From the budgets_df we noticed that the release_date would need to be converted to date time and the production_budget, domestic_gross, and worldwide_gross would need to be converted to numerics so that we could run an analysis on those columns.

## Data Preparation

To focus on Genre and Director, we consolidated the IMDb data by joining the movie_basics, directors, movie_ratings, and persons tables. To focus on wide-spread blockbuster films, we removed movies with less than 10,000 votes for their rating. We decided on 10,000 votes because further research online found that movies with less than 10,000 votes had very low gross, and we wanted to focus on films with a wider audience.

In [12]:
#Join movie_basics, directors, movie_ratings, and persons with filter to only include films with 10k votes or more
q = """

SELECT DISTINCT *
FROM movie_basics
LEFT JOIN directors
    USING(movie_id)
LEFT JOIN movie_ratings
    USING(movie_id)
LEFT JOIN persons
    USING(person_id)
WHERE numvotes > 9999 and averagerating != 'NaN'
;
"""

cleaned_movies_df = pd.read_sql(q, im_db_conn)

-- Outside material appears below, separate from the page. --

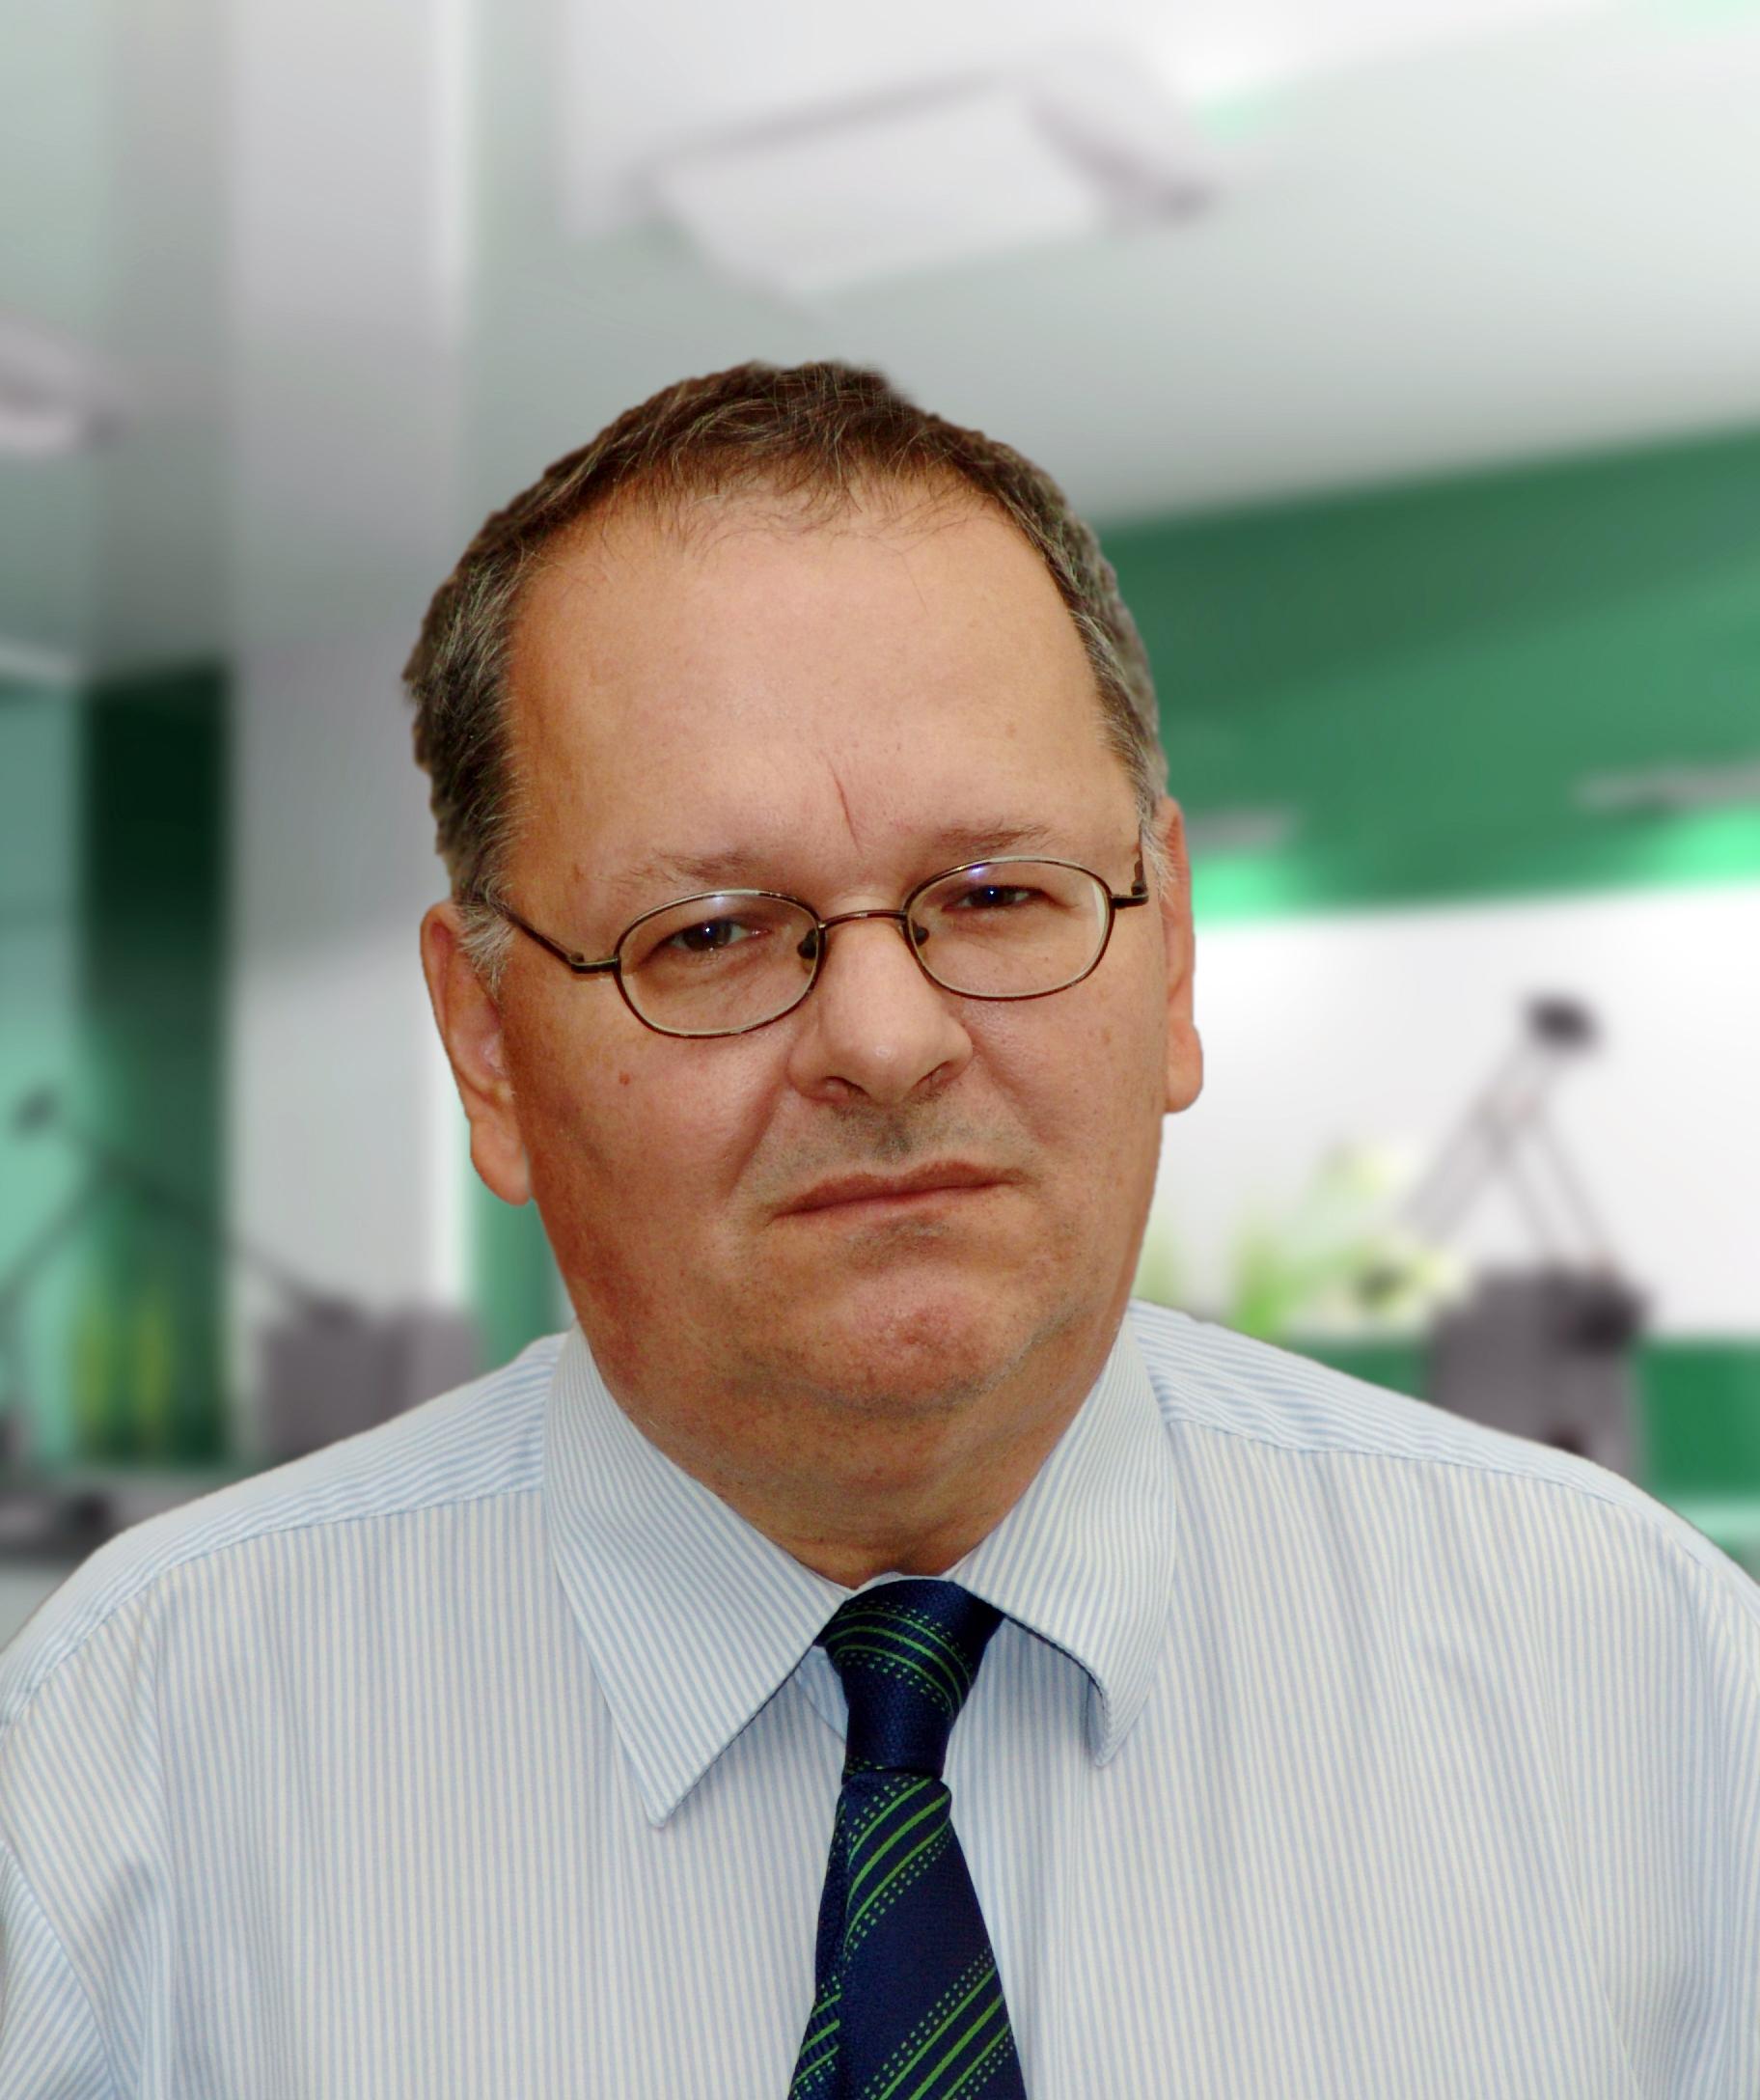 Dr. Klaus Vögl (Foto: Dr. Klaus Vögl)
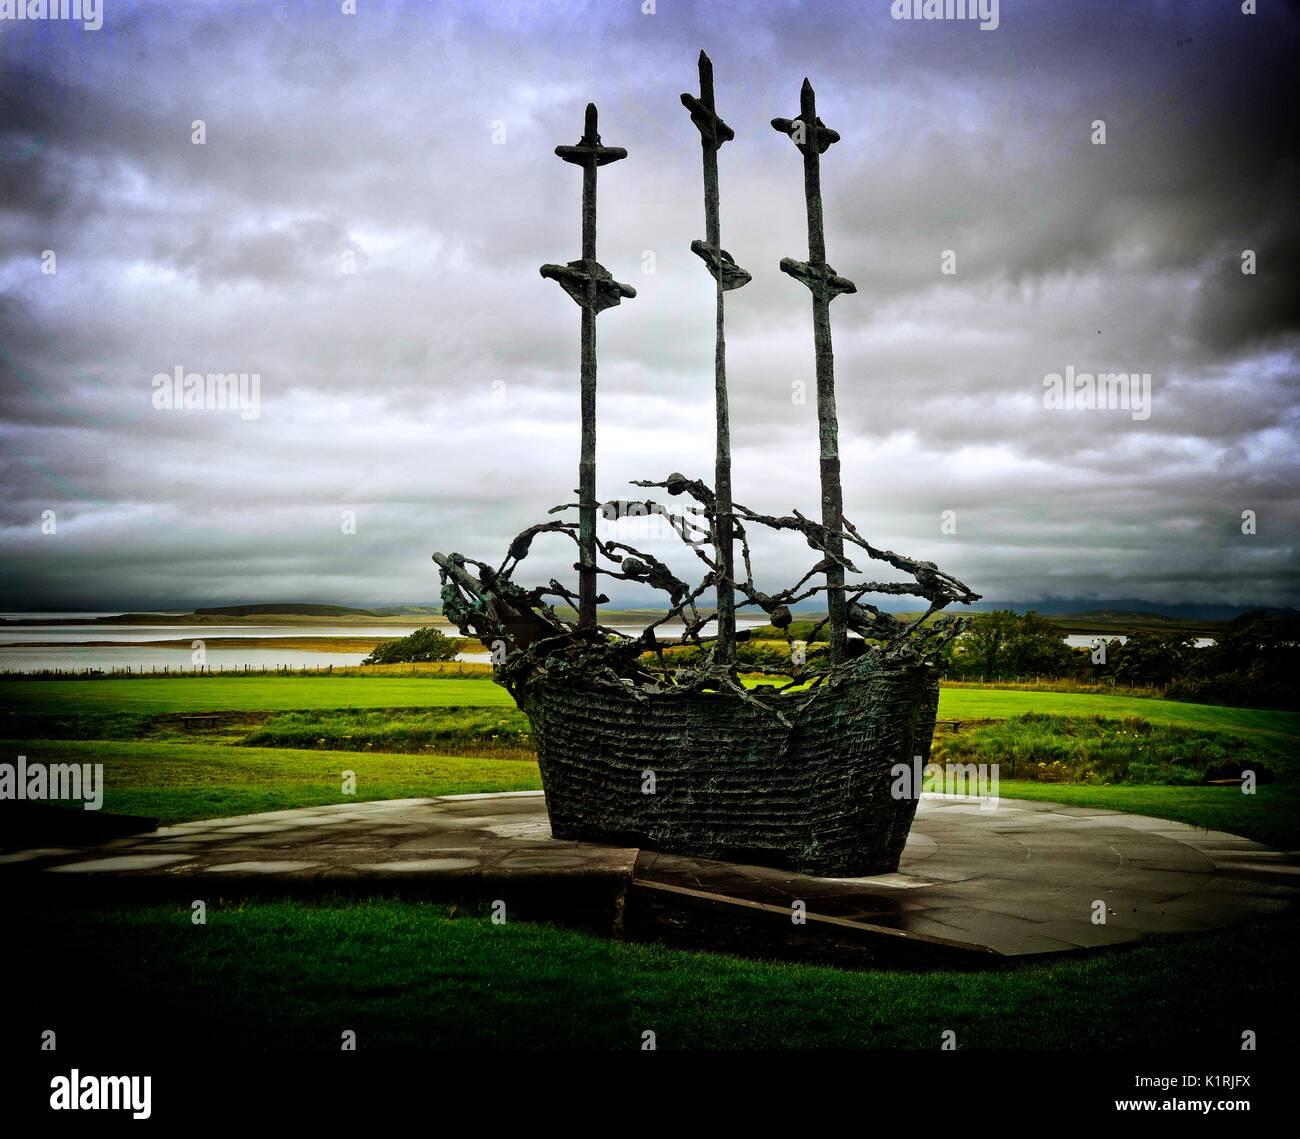 Ireland National Famine Monument, Westport Co. Mayo. - Stock Image

In order to recommend directors, we calculated each director's average rating. Each director's score was calculated by averaging the IMDb movie ratings for each film they created. 

In [13]:
#Create series with each director's rating by averaging the films' ratings
series = cleaned_movies_df.groupby('primary_name')['averagerating'].mean()

Now that we had a series of this information, we converted it to a dataframe so we could merge this information with the initial dataframe for further analysis. In this process we changed the column name to accurately reflect the data and reset the index so we could merge on the primary_name.

In [14]:
#Convert series into dataframe
director_ratings_df = pd.DataFrame(series)

In [15]:
#Change column names
director_ratings_df = director_ratings_df.rename(columns={'averagerating':'director_rating'})

In [16]:
#reset index
director_ratings_df = director_ratings_df.reset_index()
director_ratings_df.head()

Unnamed: 0,primary_name,director_rating
0,A.R. Murugadoss,7.6
1,Aanand L. Rai,6.925
2,Aaron Hann,6.0
3,Aaron Harvey,4.6
4,Aaron Horvath,6.8


In [17]:
#merge director_ratings_df and cleaned_movies_df
cleaned_movies_ratings_df = cleaned_movies_df.merge(director_ratings_df, how='left', on='primary_name')

In [18]:
#sanity check to ensure Christopher Nolan has four films listed and his director_rating is the same in each row
cleaned_movies_ratings_df.loc[cleaned_movies_ratings_df['primary_name'] == 'Christopher Nolan']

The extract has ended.